The REST API operation is:

PATCH /v2/org/{org}/nico/machine/{machineId}

The OpenAPI operation ID is update-machine. Restish exposes operation IDs as commands, so the command shape is:

$ restish <api-profile> update-machine <tenant-org-id> <machine-id> < <request-body-json>

For example, in staging:

$ restish carbide-stg update-machine <tenant-org-id> <machine-id> < online-repair-on.json

carbide-stg is the Restish API profile or environment. Replace it with the profile for your deployment.

Use Restish help to confirm the operation signature in the target environment:

$ restish carbide-stg update-machine --help

Restish prints the HTTP status and JSON error body when a request fails. Use that response body when troubleshooting validation or permission errors.

Before You Start

Collect the following values:

Value	Description
`<api-profile>`	Restish profile, for example `carbide-stg`.
`<tenant-org-id>`	Tenant organization identifier used by the REST API.
`<machine-id>`	Machine ID assigned to the tenant instance. This is the `fm...` machine identifier, not the instance UUID.

Confirm these preconditions:

The machine is assigned to an instance.
The assigned instance is in Ready.
The machine is present on the site.
The issue can be investigated without the tenant releasing the instance.

Enter Online Repair

Create online-repair-on.json:

1 {
2   "onlineRepair": {
3     "enabled": true,
4     "policy": {
5       "allowAutoInstanceDeletionOnFailure": false
6     },
7     "acknowledgments": {
8       "acceptDataCorruptionRisk": true,
9       "acceptRepairTeamAccess": true,
10       "acceptInstanceDeletionRisk": true
11     }
12   },
13   "healthIssue": {
14     "category": "Hardware",
15     "summary": "GPU diagnostics show intermittent ECC errors",
16     "details": "Tenant observed intermittent GPU ECC errors during workload execution. Please perform online repair while preserving the assigned instance."
17   }
18 }

Run:

$ restish carbide-stg update-machine <tenant-org-id> <machine-id> < online-repair-on.json

Expected result:

The API returns the updated machine.
The assigned instance moves to Repairing.
A site health override is applied for the tenant-reported repair request.
The instance remains assigned to the tenant.

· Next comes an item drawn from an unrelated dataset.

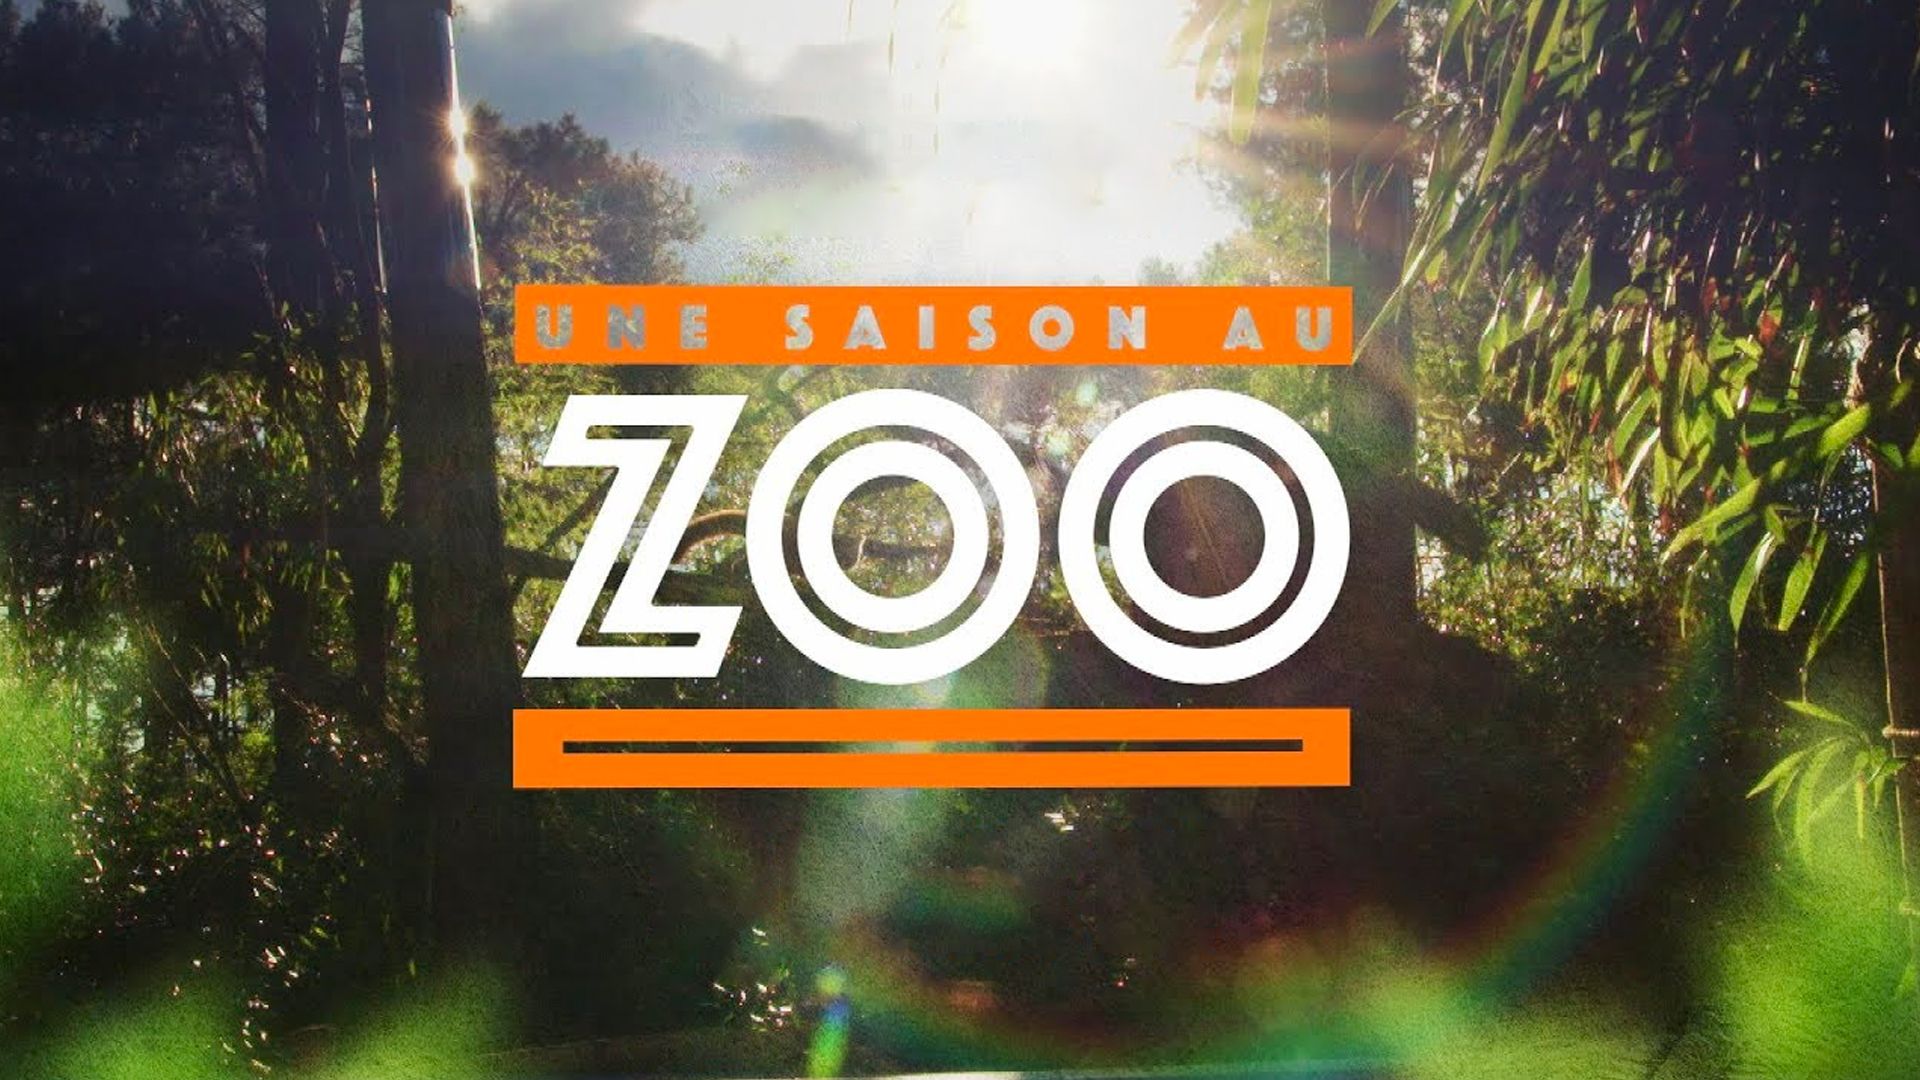 Une saison au zoo S10
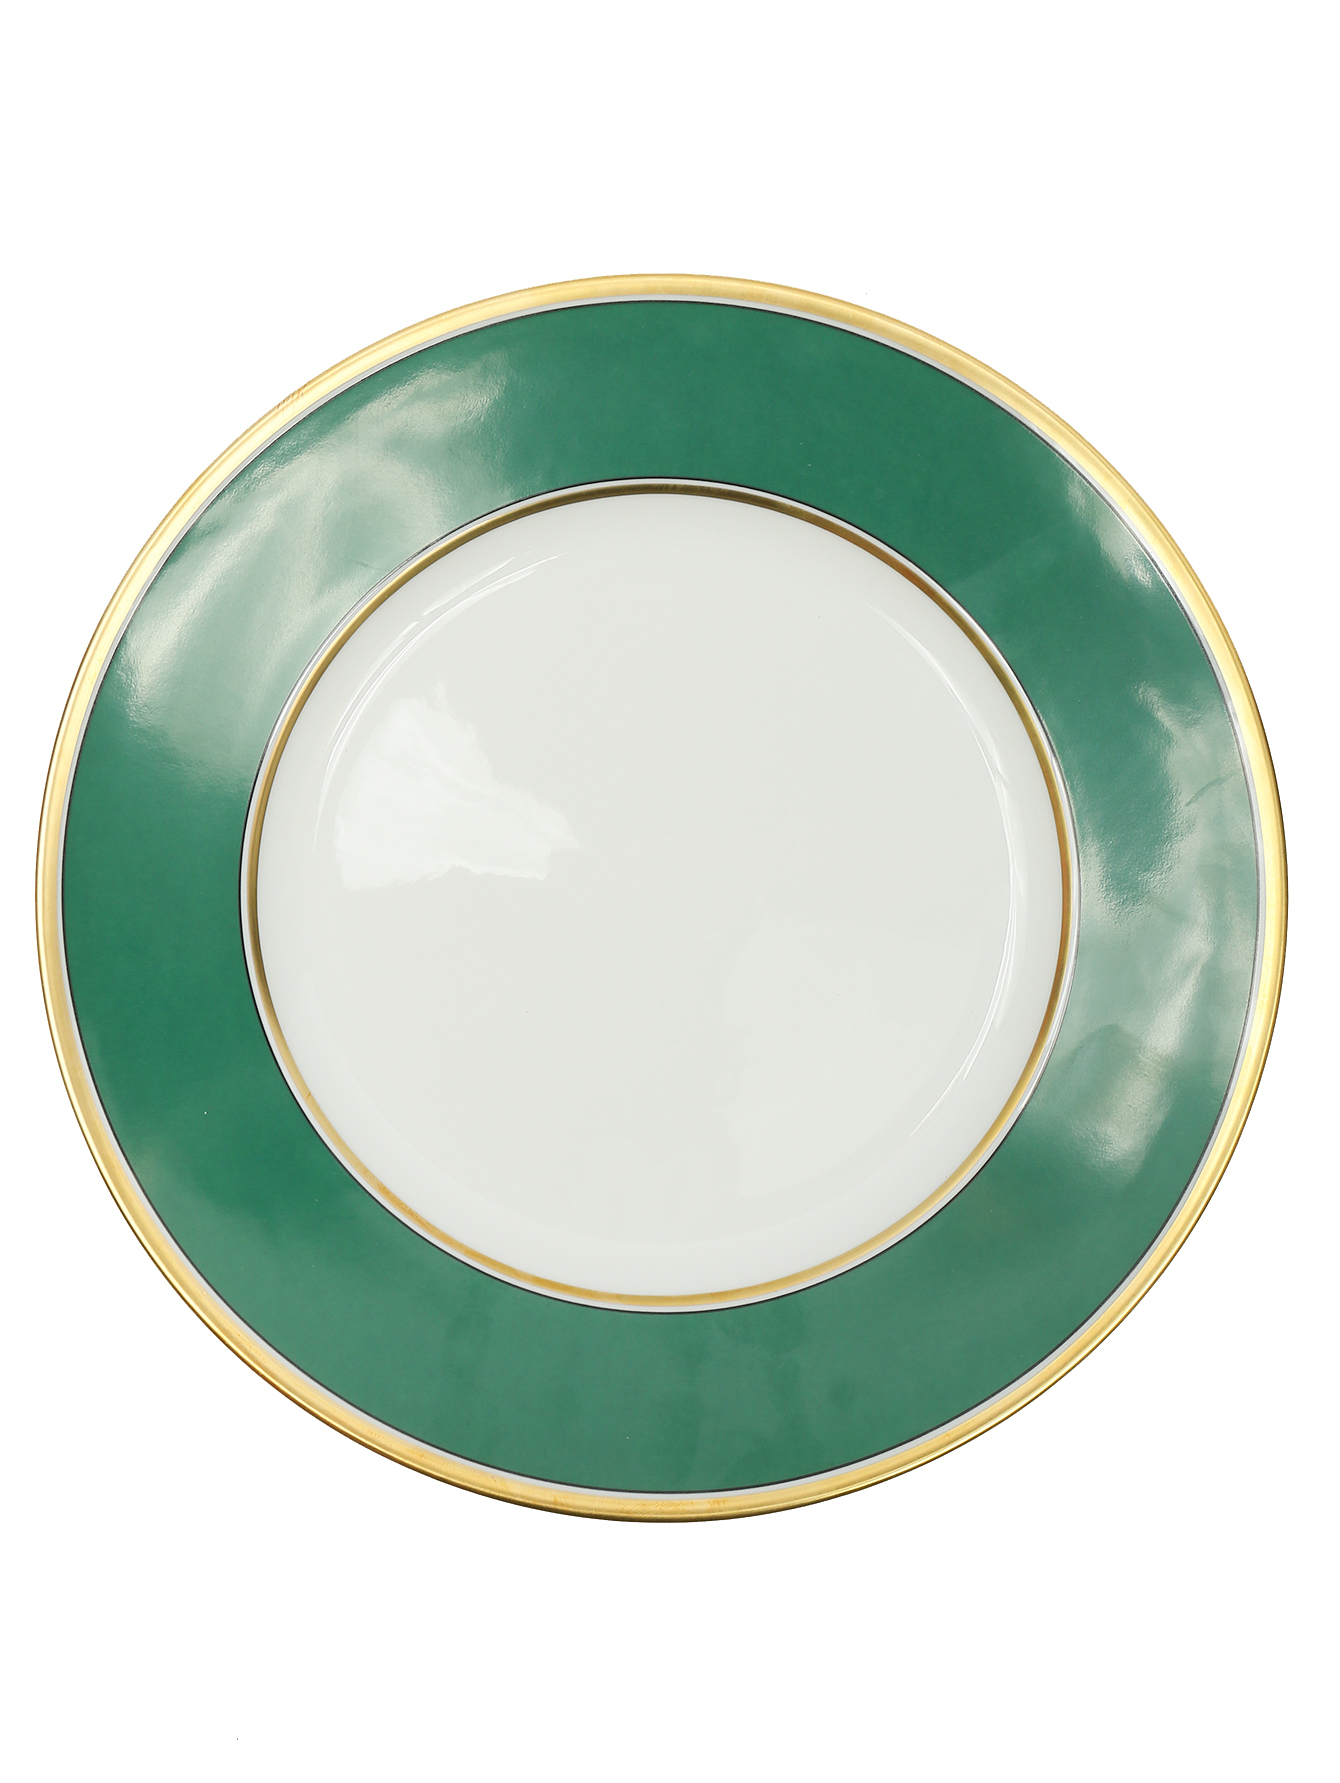 Каемка тарелки. Тарелка Джинори 1735 зеленая. Джинори 1735 зеленая. Richard Ginori 1735 сервиз. Тарелка с зеленой каймой.

Set allowAutoInstanceDeletionOnFailure to false unless the tenant explicitly authorizes the platform to delete the instance if online repair fails.

Health Issue Fields

healthIssue is required when entering online repair.

Field	Requirement
`category`	Required. Must be one of `Hardware`, `Network`, `Performance`, `Storage`, `Software`, or `Other`.
`summary`	Required. Maximum 512 characters.
`details`	Required. Maximum 8192 characters.

Use a short operational summary and detailed reproduction or evidence. The summary is used in the tenant-facing health message.

Exit Online Repair

After the repair team confirms that the issue is fixed, create online-repair-off.json:

1 {
2   "onlineRepair": {
3     "enabled": false
4   }
5 }

Run:

$ restish carbide-stg update-machine <tenant-org-id> <machine-id> < online-repair-off.json

Expected result:

The online repair health override is removed.
Online repair metadata is removed from the instance.
The assigned instance moves back to Ready.

Do not include healthIssue, policy, or acknowledgments when exiting online repair.

If online repair failed and the machine now needs disruptive repair, this exit step is still required before releasing the instance. An instance cannot be released for full repair while it remains in online repair. Clear online repair, confirm the instance is back in Ready, and then follow Release Instance for Full Repair.

Mark Failed Online Repair

If online repair is being cleared because the repair failed, update the instance labels before releasing the instance for full repair. This leaves a visible breadcrumb for tenant and operator tooling after the instance leaves online repair.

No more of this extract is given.